简体   繁体   English

Elasticsearch对已排序的聚合结果进行分页

[英]Elasticsearch paginating a sorted, aggregated result

As far as I'm aware, there isn't a way to do something like the following in Elasticsearch: 据我所知,没有办法在Elasticsearch中执行以下操作:

SELECT * FROM myindex
GROUP BY agg_field1, agg_field2, agg_field3 // aggregation
ORDER BY order_field1, order_field2, order_field3 // sort
LIMIT 1000, 5000 // paginate -- get page 6 of size 1000 records

Here are some related documents regarding this: 以下是一些有关此问题的相关文件:

Is there a way to do the above in Elasticsearch? 有没有办法在Elasticsearch中执行上述操作? The one limitation we have is we will never have more than 10M records, so we (hopefully) shouldn't run into memory errors. 我们的一个限制是我们永远不会有超过10M的记录,所以我们(希望)不应该遇到内存错误。 My thinking was to do it as follows: 我的想法是这样做:

  • Do an aggregation query 进行聚合查询
  • Get the number of results from it 从中获取结果数量
  • Split it into N segments based on the results and page size we want 根据我们想要的结果和页面大小将其拆分为N个段
  • Rerun the query with the above segments 使用上述段重新运行查询

What would be the best way to accomplish this? 实现这一目标的最佳方法是什么? In your answer/suggestion, could you please post some sample code relating to how the above SQL query could be done in ES? 在您的回答/建议中,您能否发布一些有关如何在ES中完成上述SQL查询的示例代码?

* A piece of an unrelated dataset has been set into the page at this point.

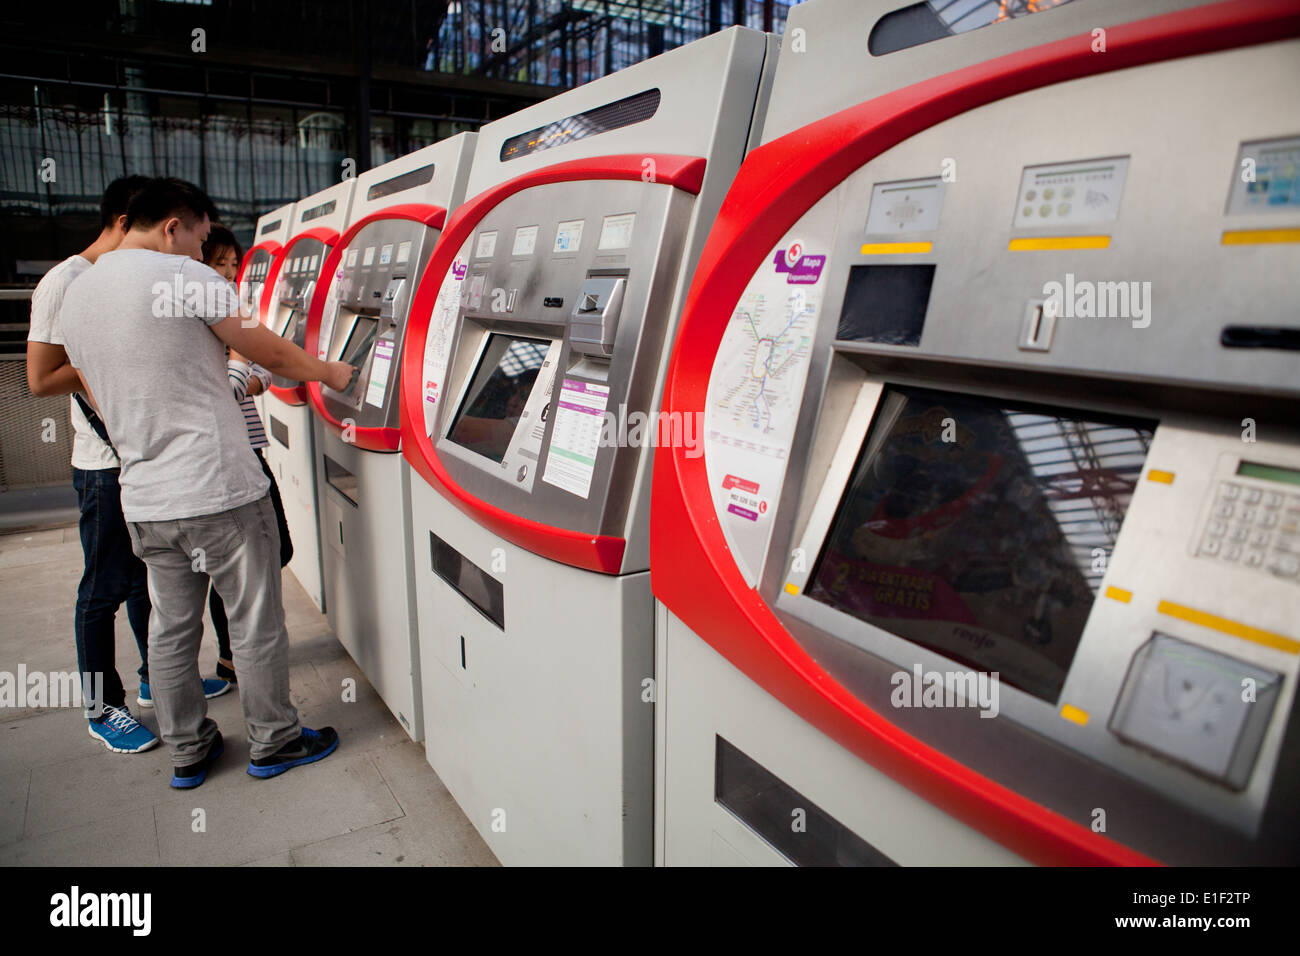 Les distributeurs de billets libre-service à la station de métro Principe Pio Banque D'Images

As an update to this question, here is a public index to test with: 作为此问题的更新,这是一个公共索引,用于测试:

# 5.6
e=Elasticsearch('https://search-testinges-fekocjpedql2f3rneuagyukvy4.us-west-1.es.amazonaws.com')
e.search('testindex')

# 6.4 (same data as above)
e = Elasticsearch('https://search-testinges6-fycj5kjd7l5uyo6npycuashch4.us-west-1.es.amazonaws.com')
e.search('testindex6')

It has 10,000 records. 它有10,000条记录。 Feel free to test with it: 随意测试:

在此输入图像描述

The query that I'm looking to do is as follows (in sql): 我正在寻找的查询如下(在sql中):

SELECT * FROM testindex
GROUP BY store_url, status, title
ORDER BY title ASC, status DESC
LIMIT 100 OFFSET 6000

In other words, I'm looking to sort an aggregated result (with multiple aggregations) and get an offset. 换句话说,我希望对聚合结果(具有多个聚合)进行排序并获得偏移量。

The composite aggregation might help here as it allows you to group by multiple fields and then paginate over the results. composite聚合可能在这里有所帮助,因为它允许您按多个字段进行分组,然后对结果进行分页。 The only thing that it doesn't let you do is to jump at a given offset, but you can do that by iterating from your client code if at all necessary. 它不允许你做的唯一事情就是跳过一个给定的偏移量,但你可以通过从客户端代码迭代来做到这一点,如果有必要的话。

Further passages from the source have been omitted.